— STORED DATA —
+ + +

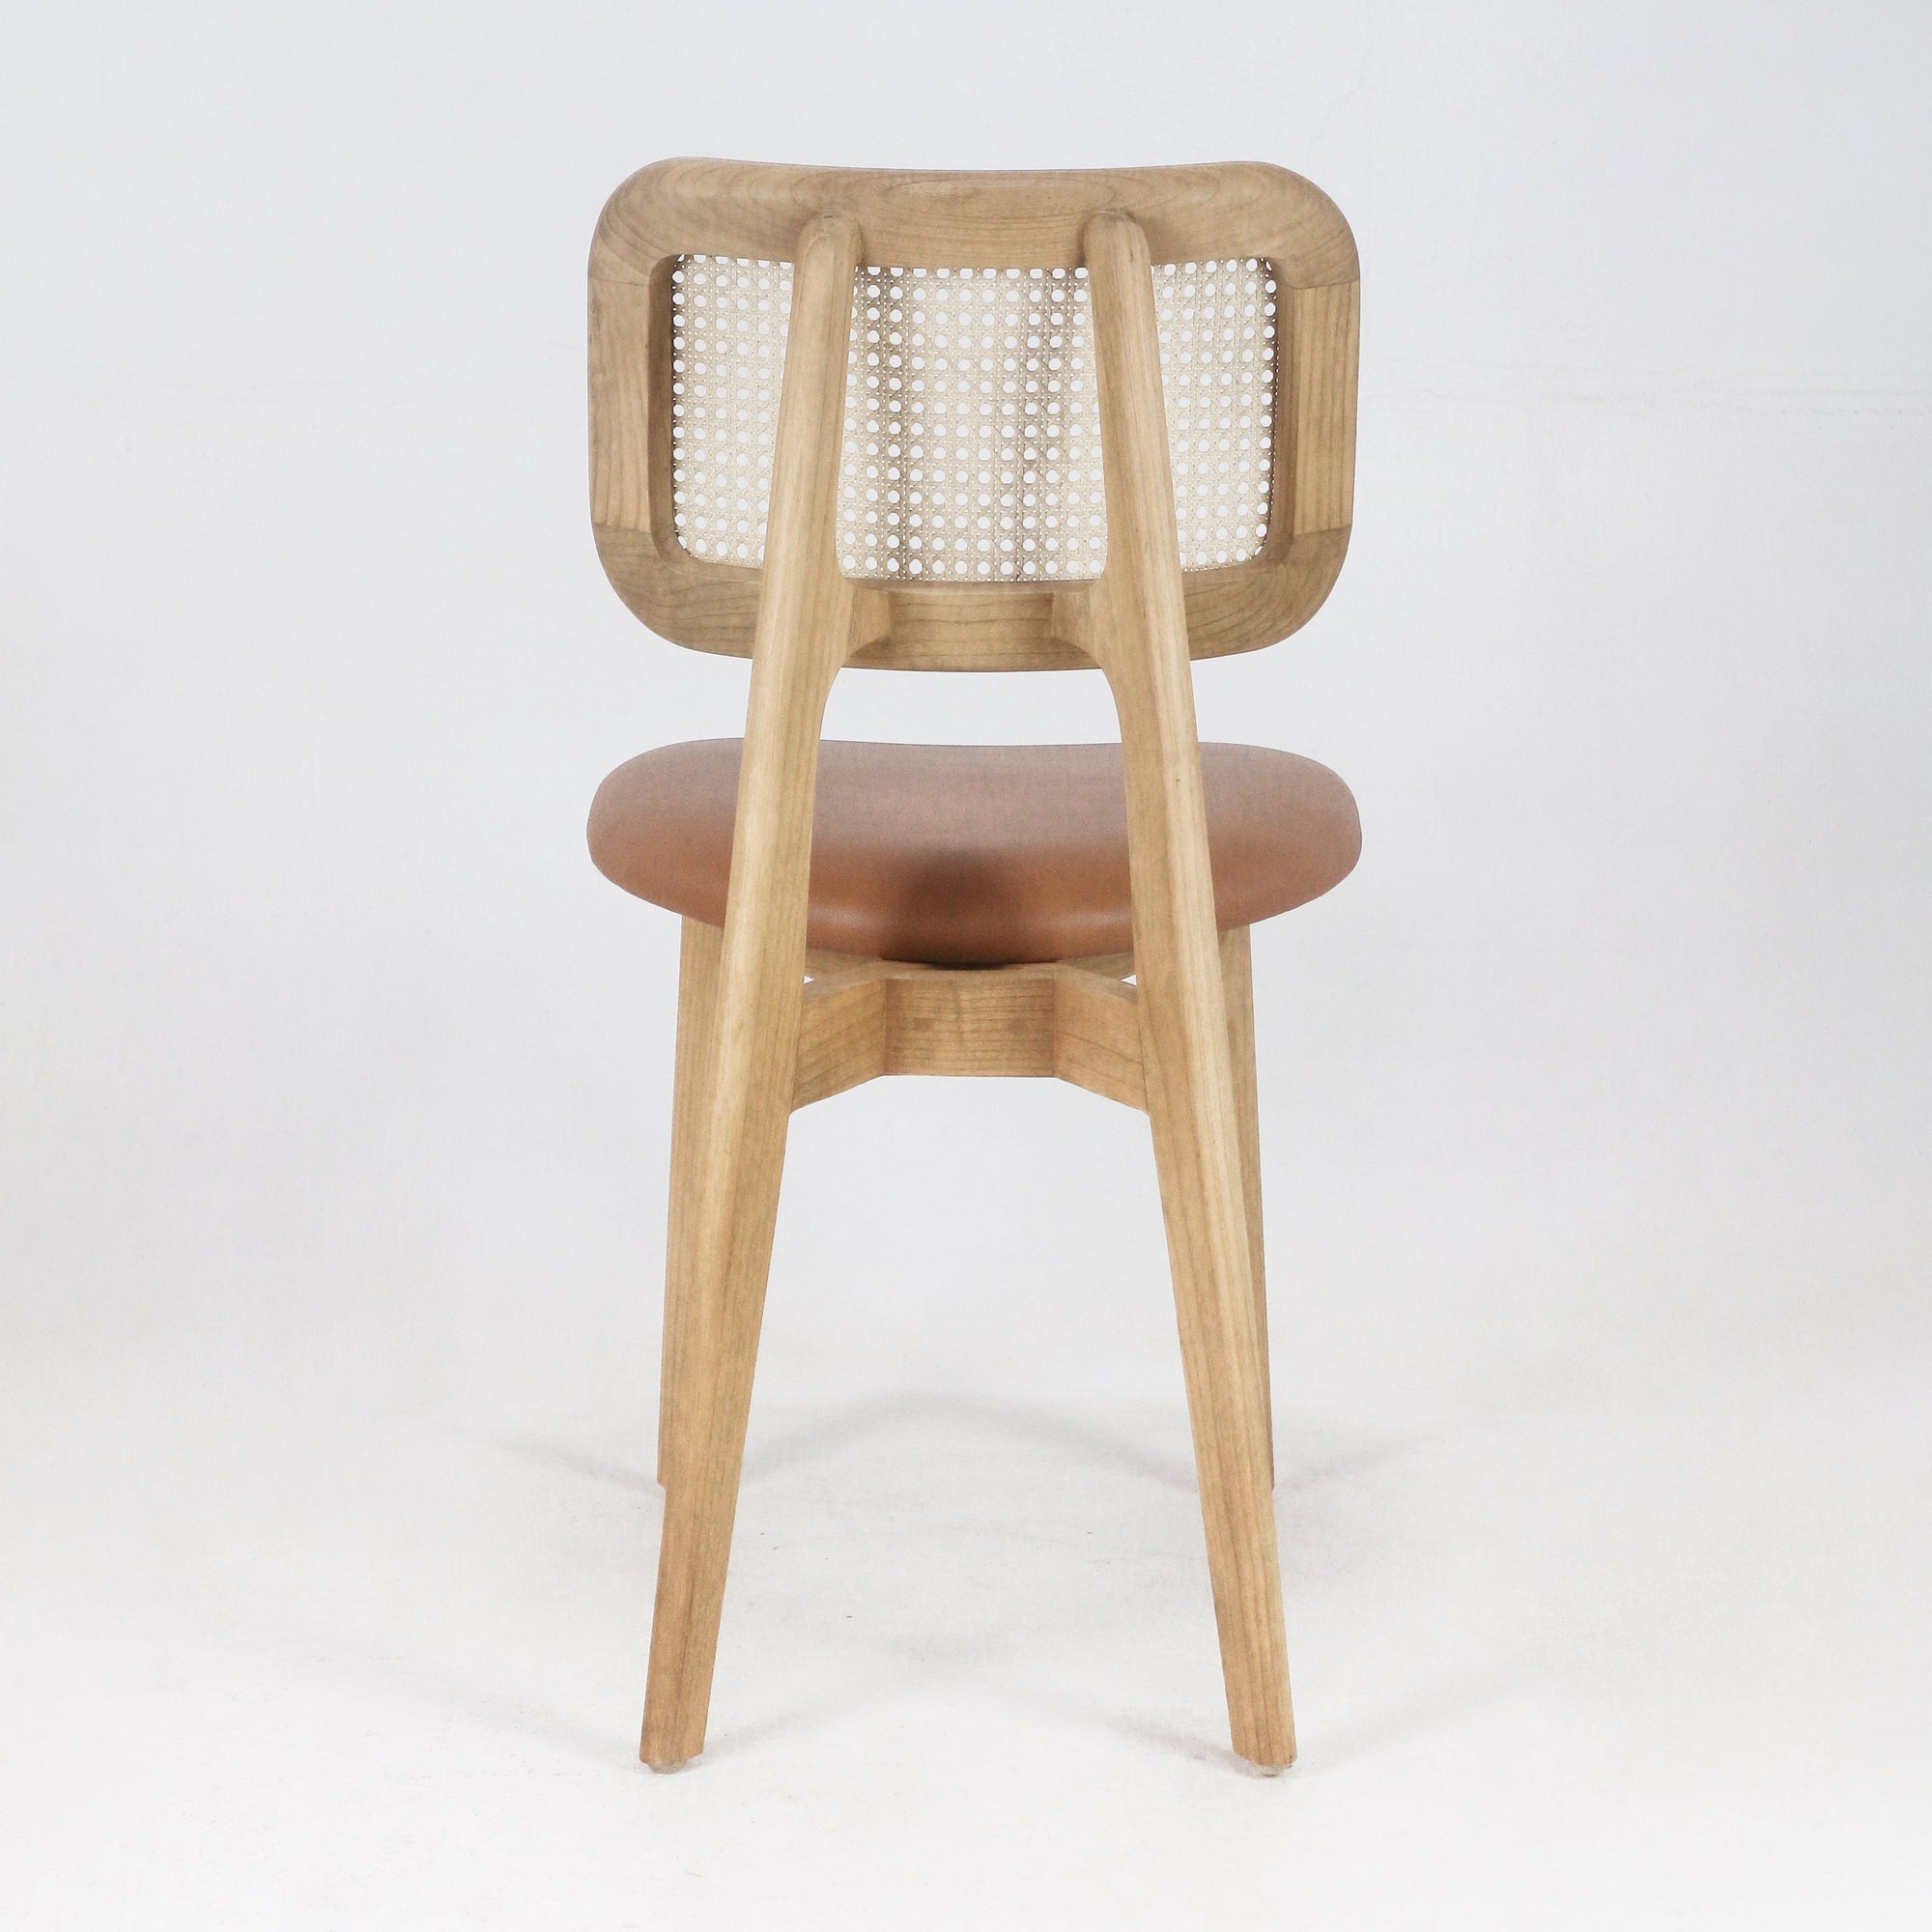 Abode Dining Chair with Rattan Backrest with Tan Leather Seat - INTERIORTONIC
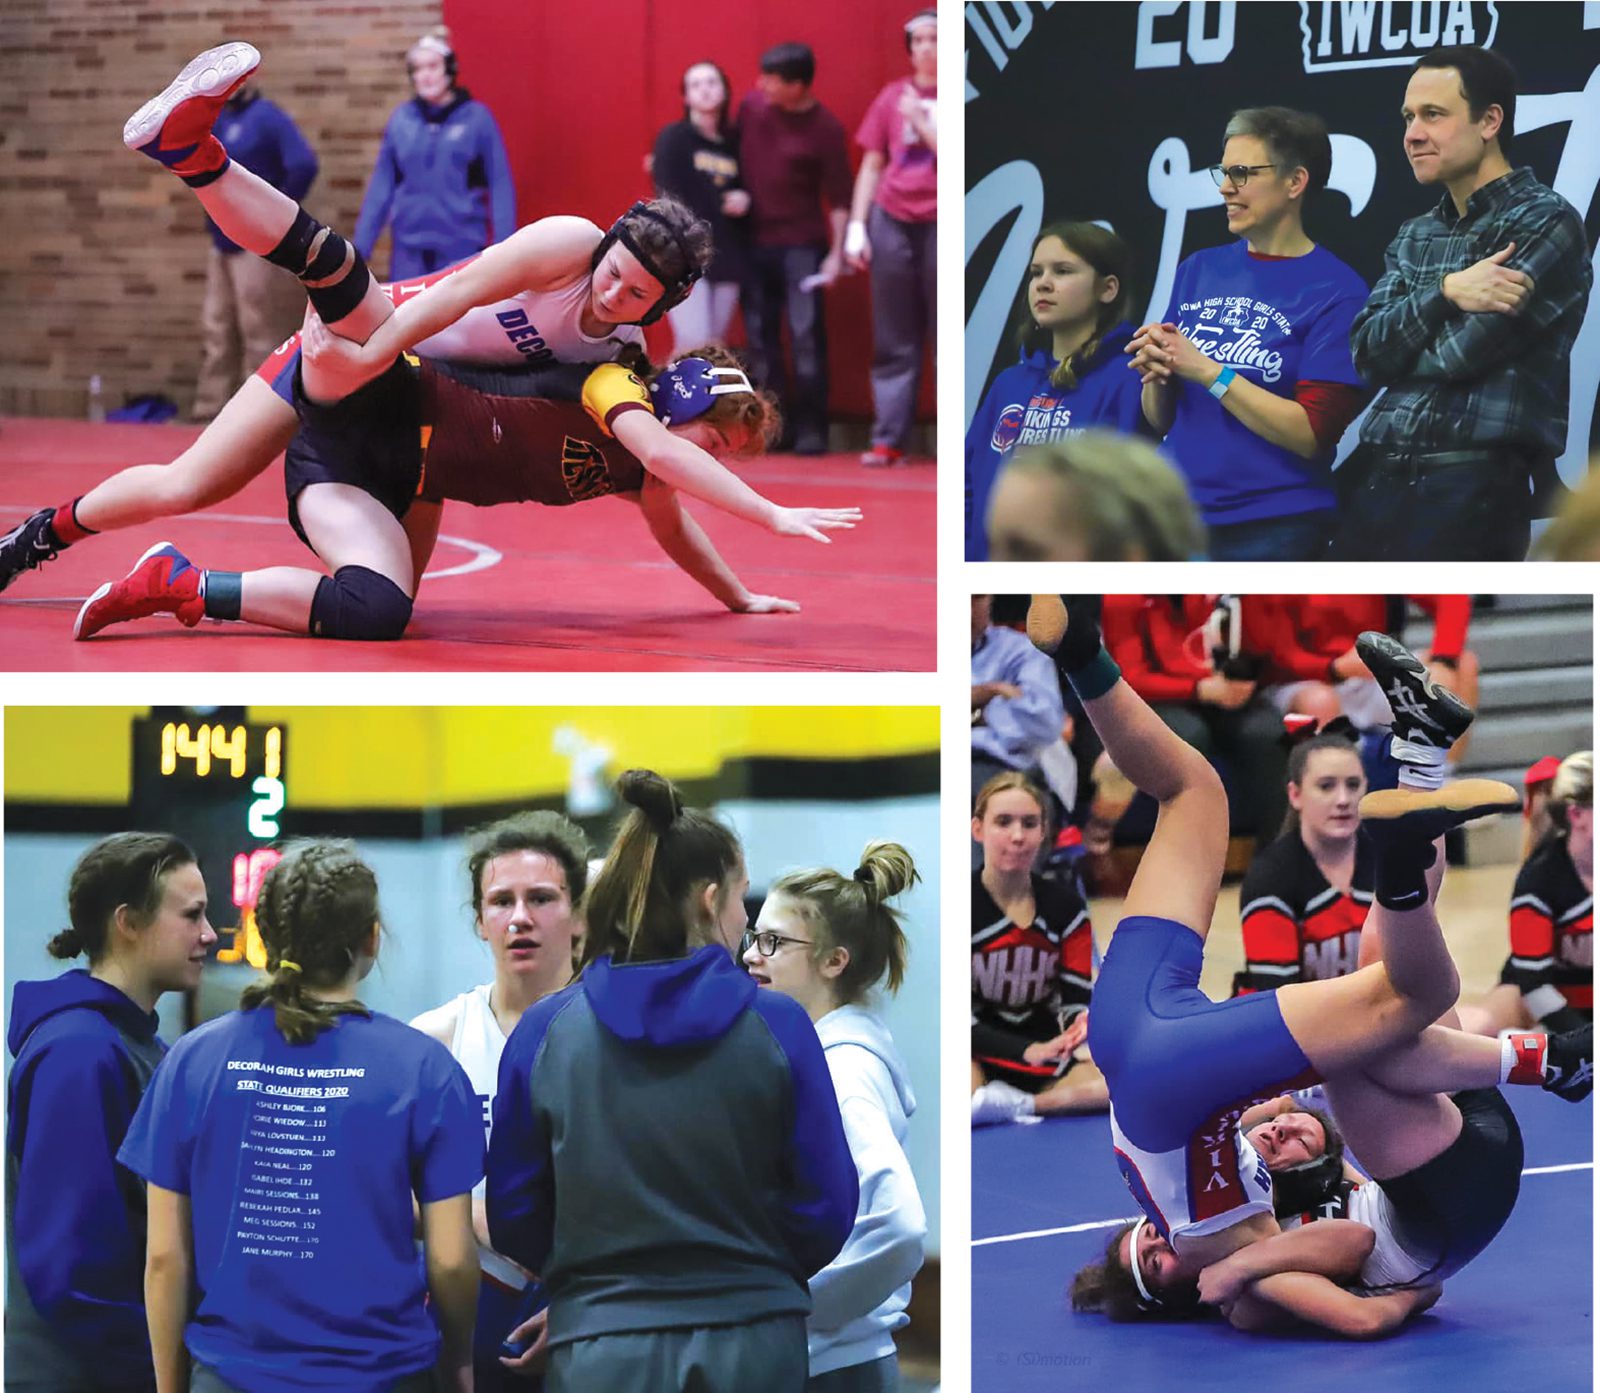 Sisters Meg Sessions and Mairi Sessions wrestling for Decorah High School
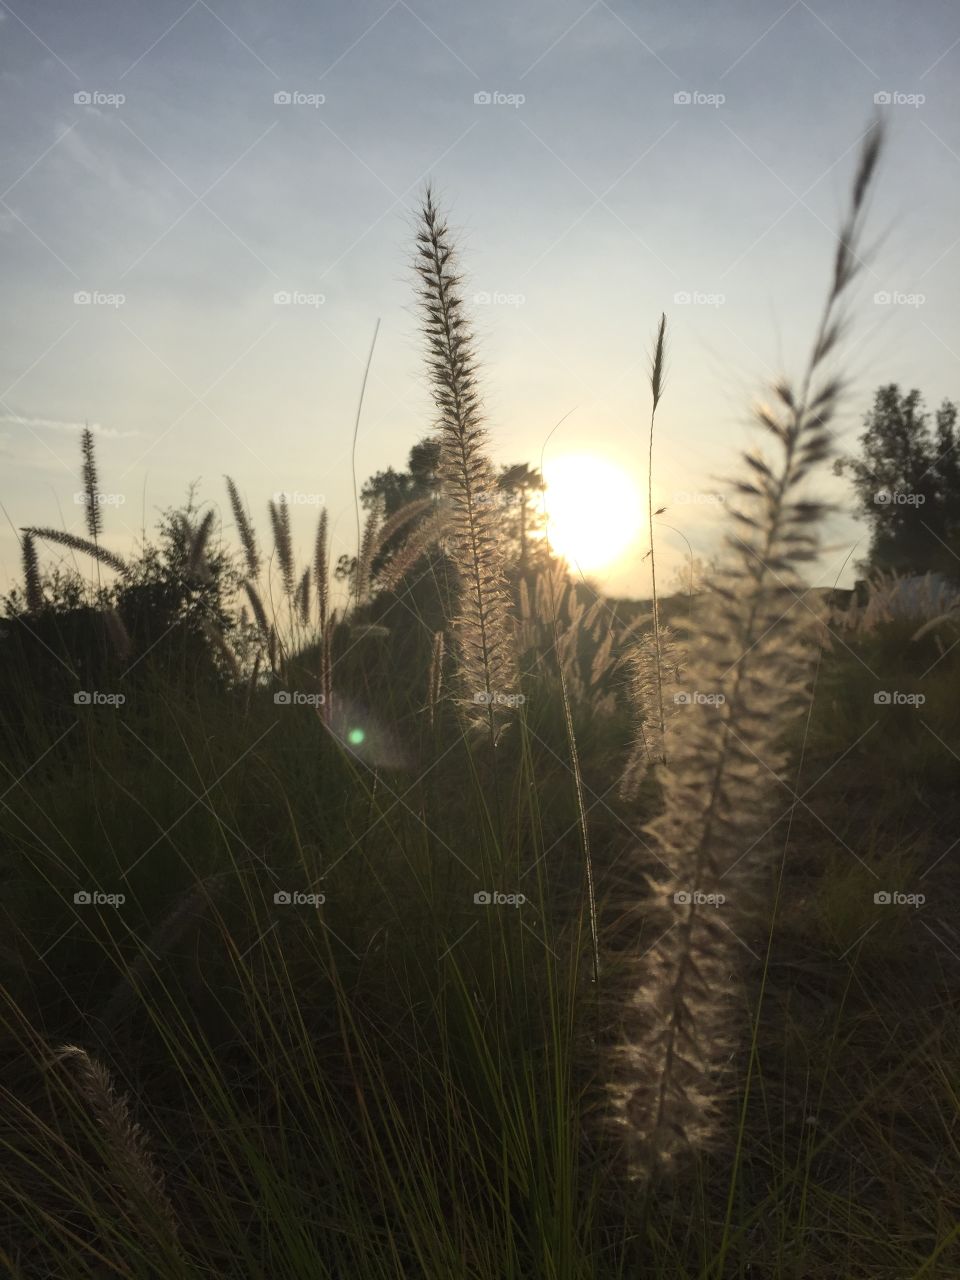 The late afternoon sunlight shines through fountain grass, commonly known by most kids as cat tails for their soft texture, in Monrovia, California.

+ + +

Retype the line containing "Sisters Meg Sessions" and all lines after it through the end of the material, exactly and only those, leaving out pictures.

 Sisters Meg Sessions and Mairi Sessions wrestling for Decorah High School
 The late afternoon sunlight shines through fountain grass, commonly known by most kids as cat tails for their soft texture, in Monrovia, California.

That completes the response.